EXERCISE DESCRIPTION:
Copy without pictures. Please restate each line of the listing exactly.

*** Opening COLLECTED MATERIAL ***

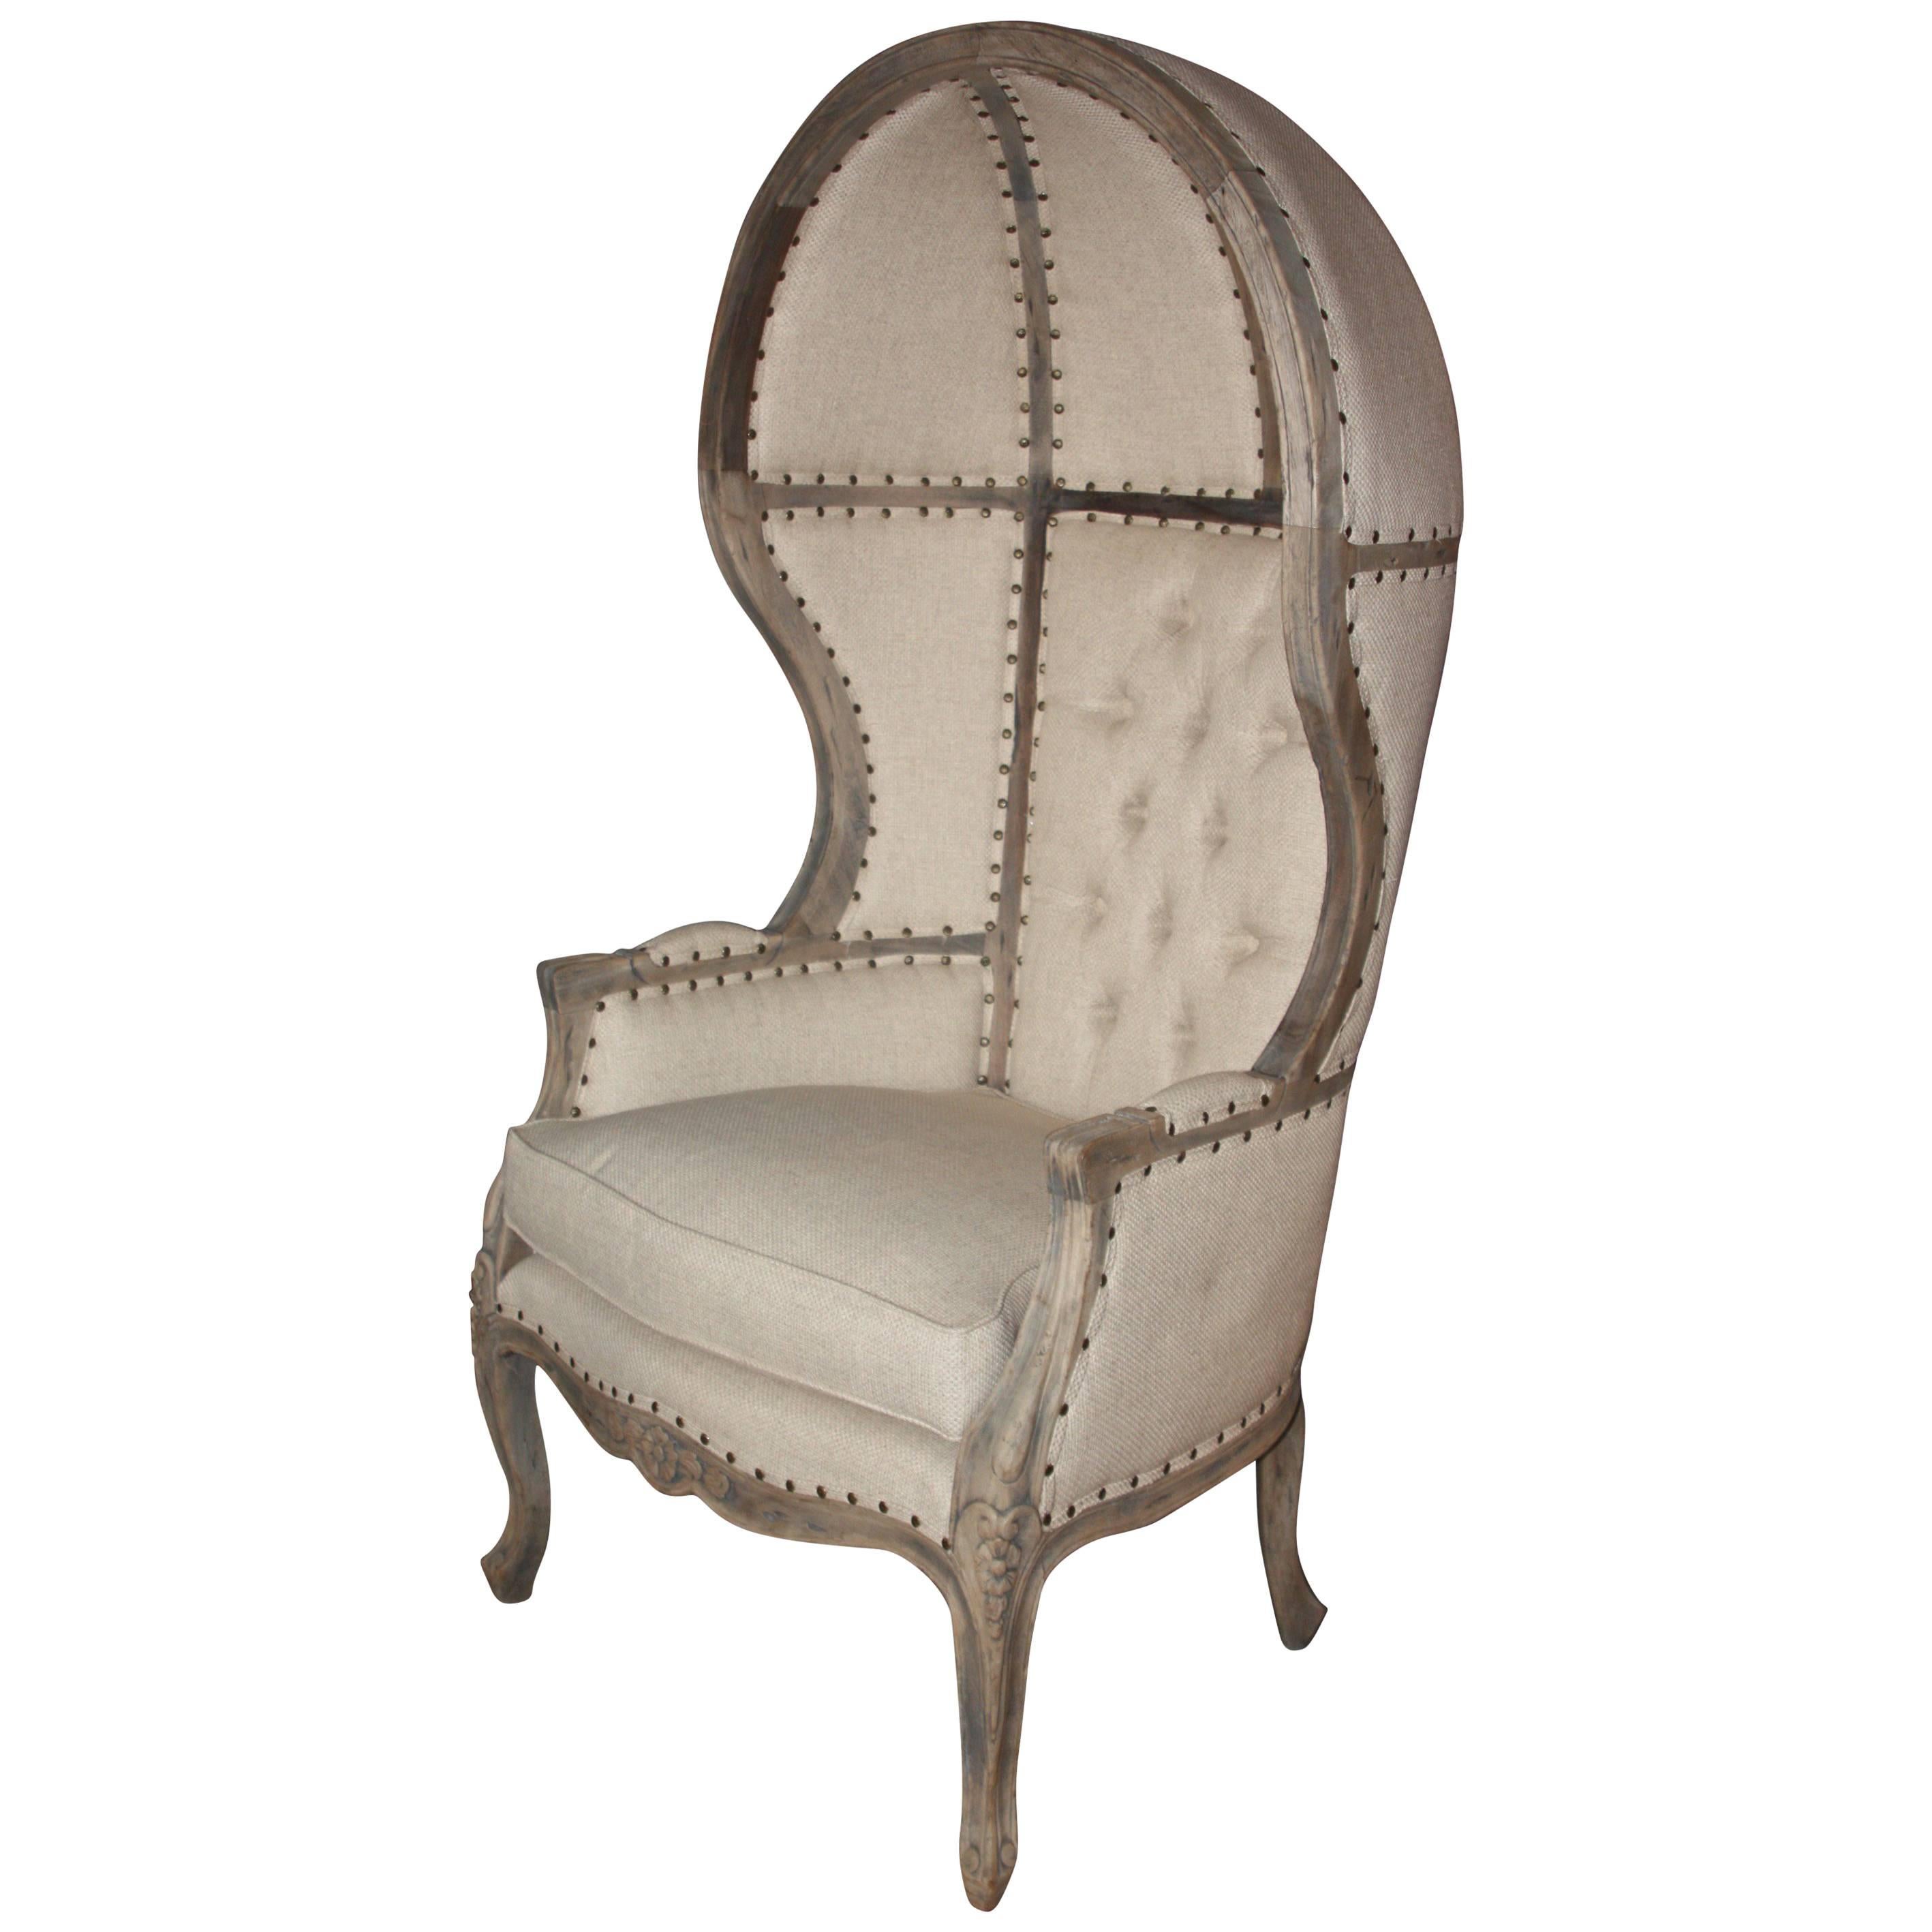 19th Century French Canopy Chair
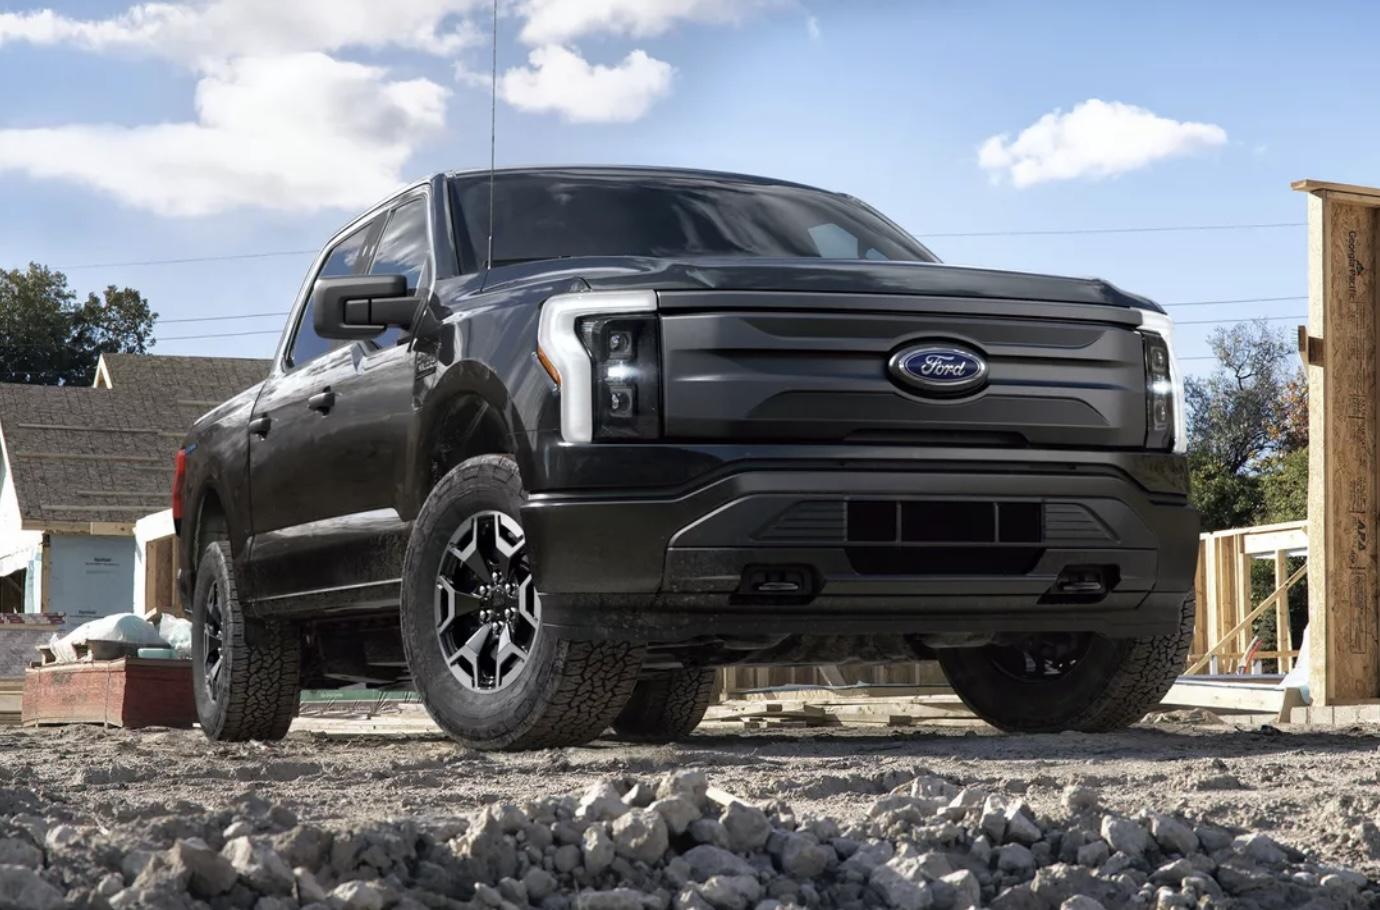 Ford F-150 Lightning Article: Why Ford's Electric 2022 F-150 Lightning is More Important Than You Think Screen Shot 2021-07-21 at 5.23.57 PM
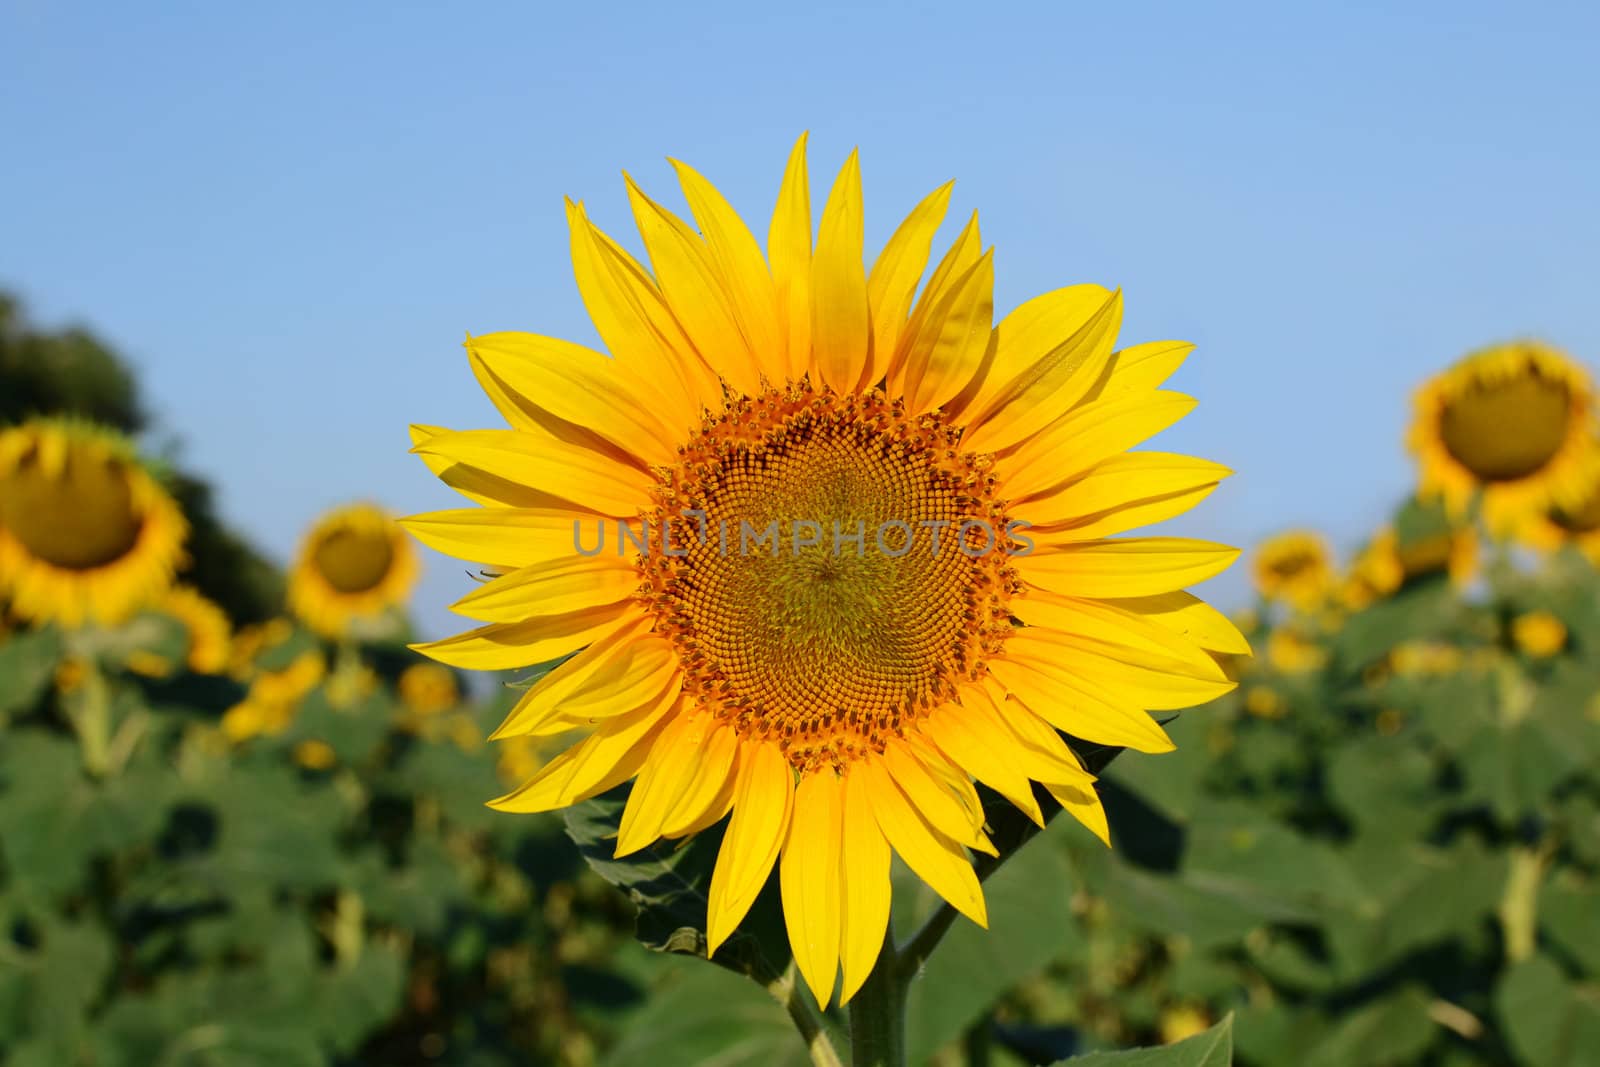 sunflowers at the field in summer

*** Closing COLLECTED MATERIAL ***

EXERCISE RESPONSE:
 19th Century French Canopy Chair
 Ford F-150 Lightning Article: Why Ford's Electric 2022 F-150 Lightning is More Important Than You Think Screen Shot 2021-07-21 at 5.23.57 PM
 sunflowers at the field in summer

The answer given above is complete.